Work item
What is needed is a word-for-word copy of the listing below, without pictures.

Provided material
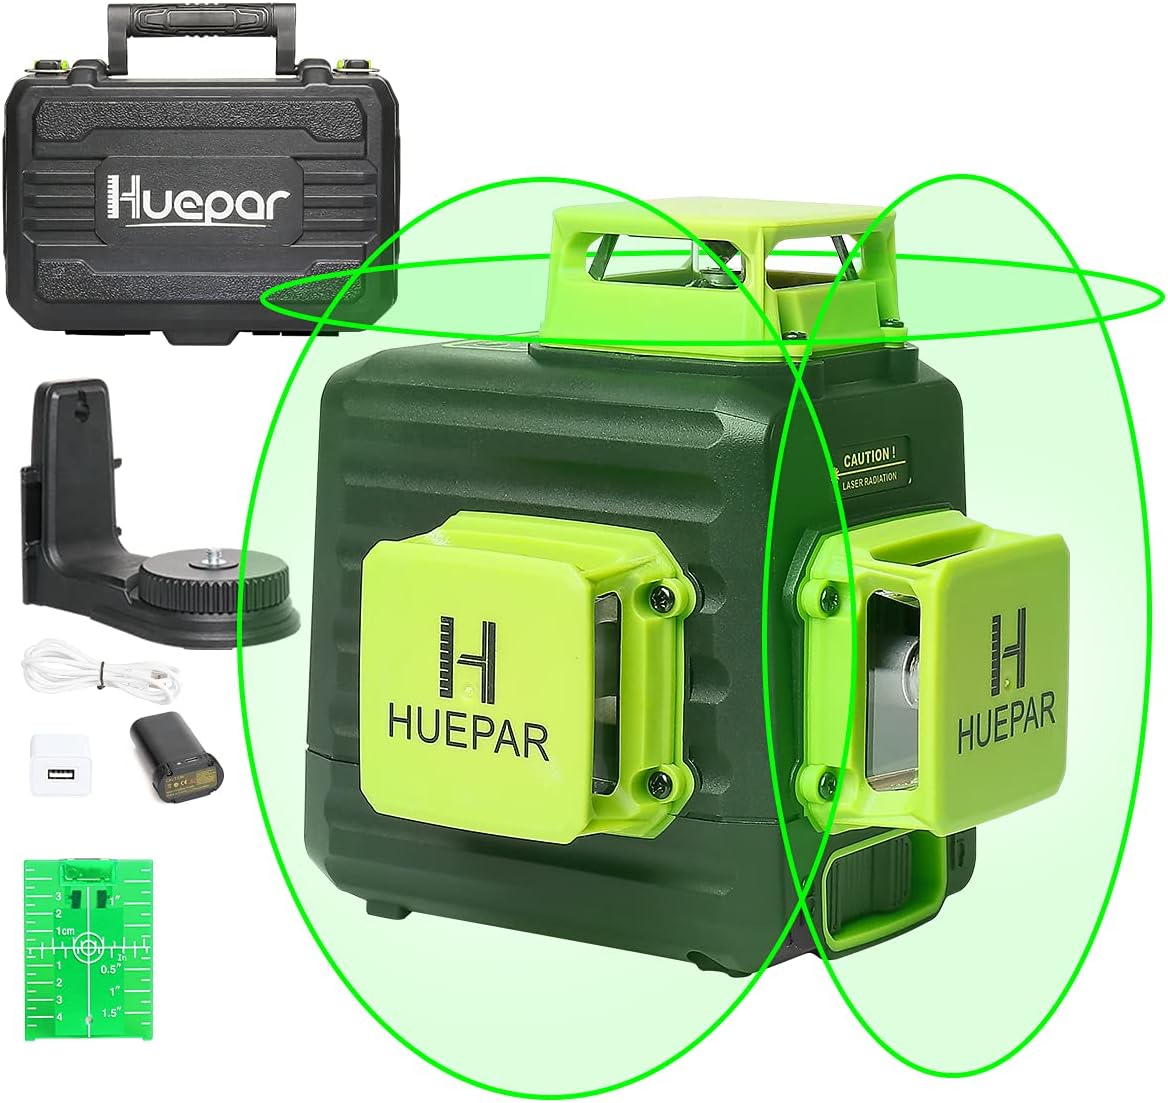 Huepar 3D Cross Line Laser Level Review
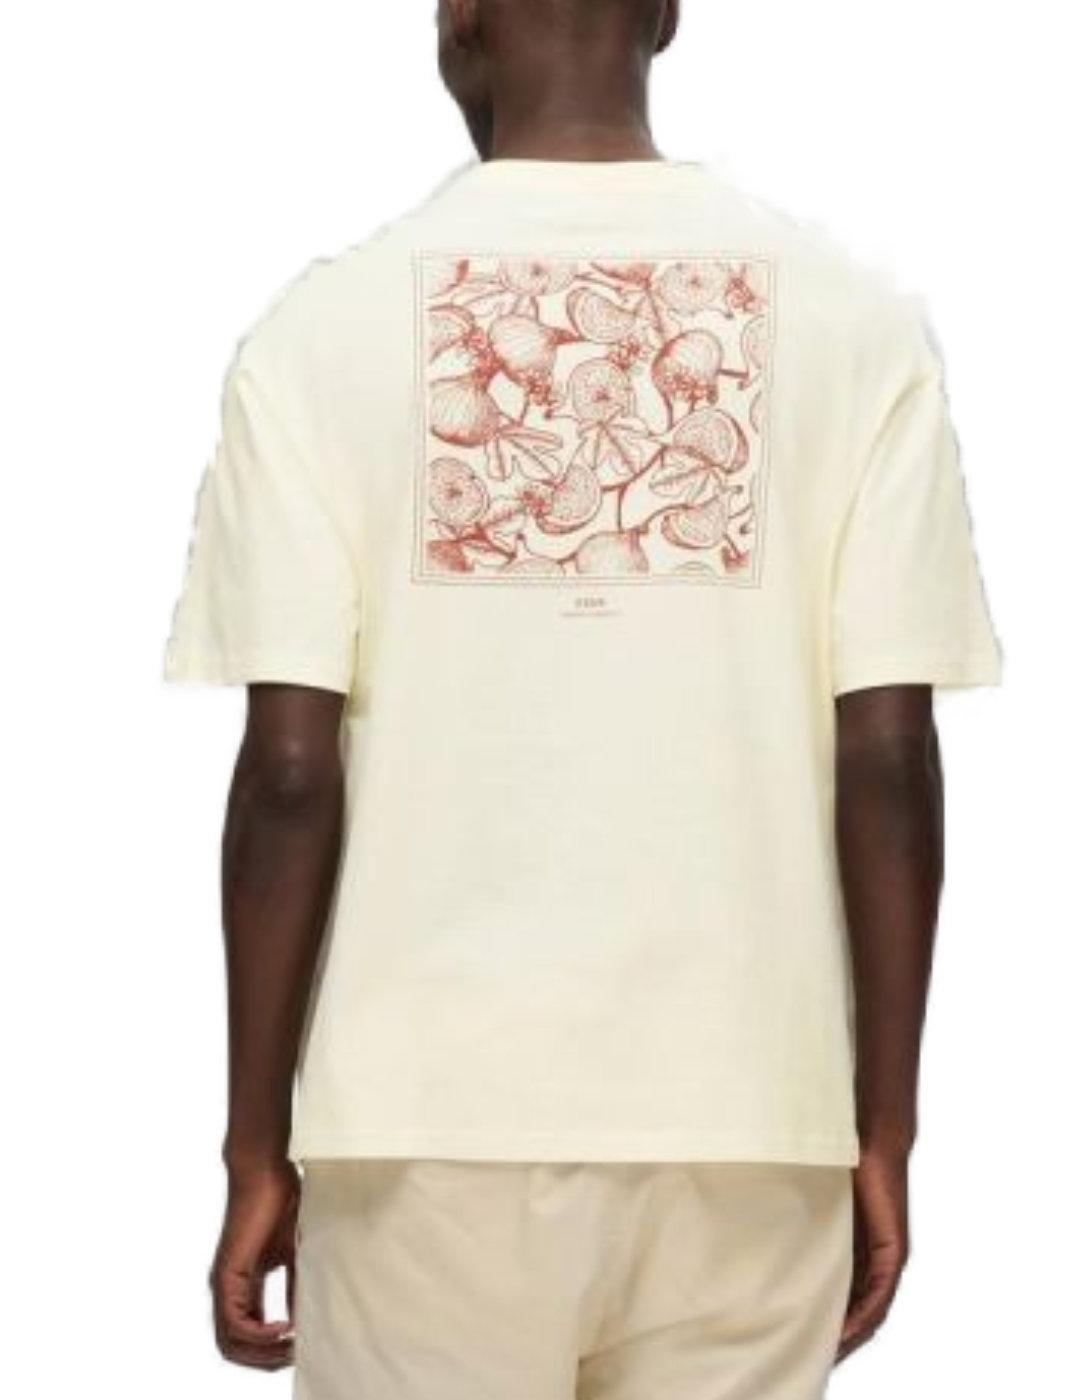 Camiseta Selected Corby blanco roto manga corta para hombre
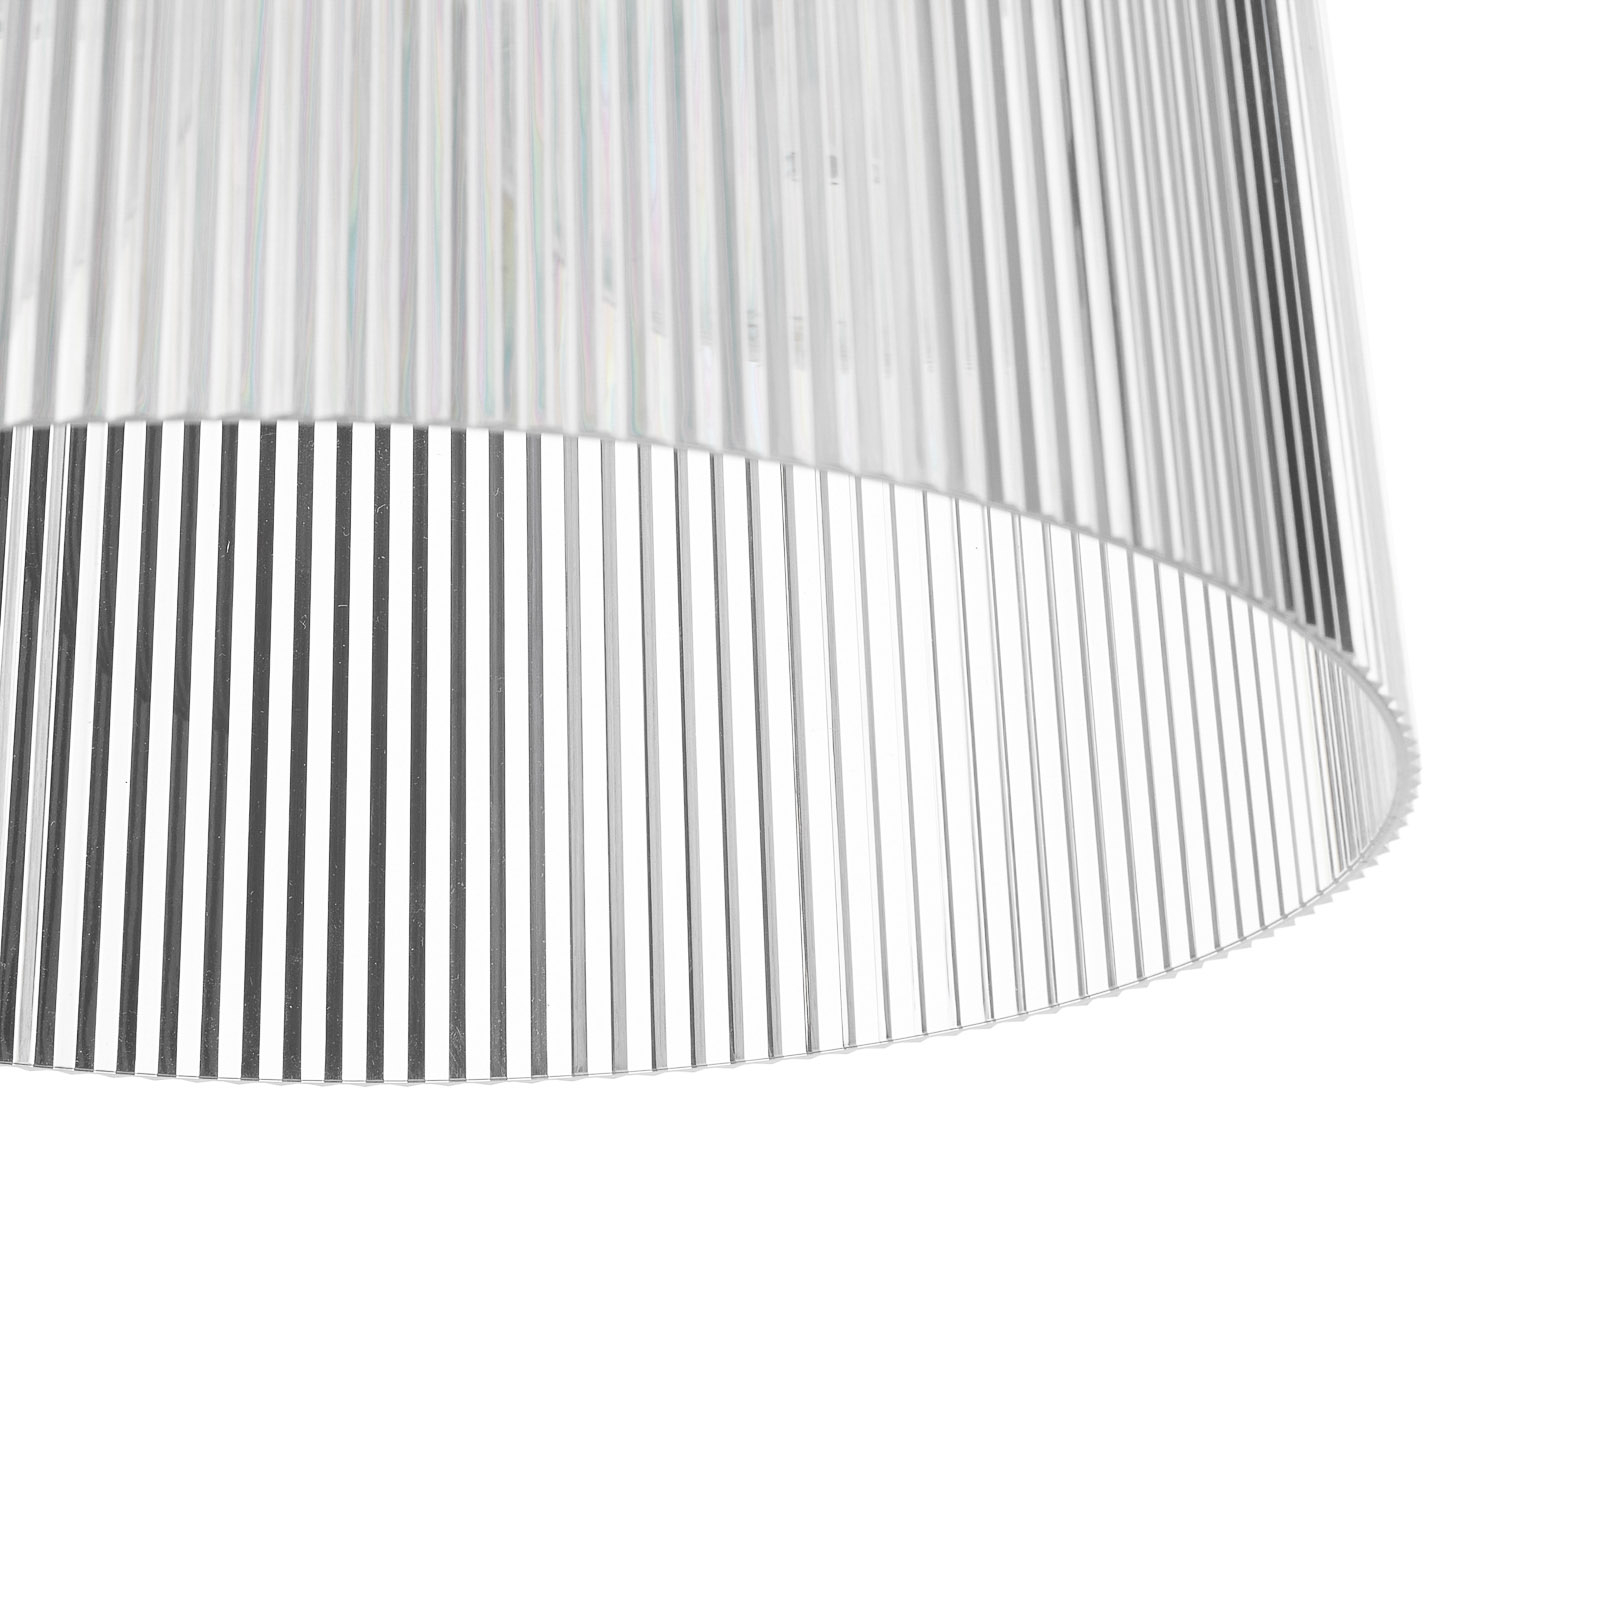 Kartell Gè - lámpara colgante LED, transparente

Written response
 Huepar 3D Cross Line Laser Level Review
 Camiseta Selected Corby blanco roto manga corta para hombre
 Kartell Gè - lámpara colgante LED, transparente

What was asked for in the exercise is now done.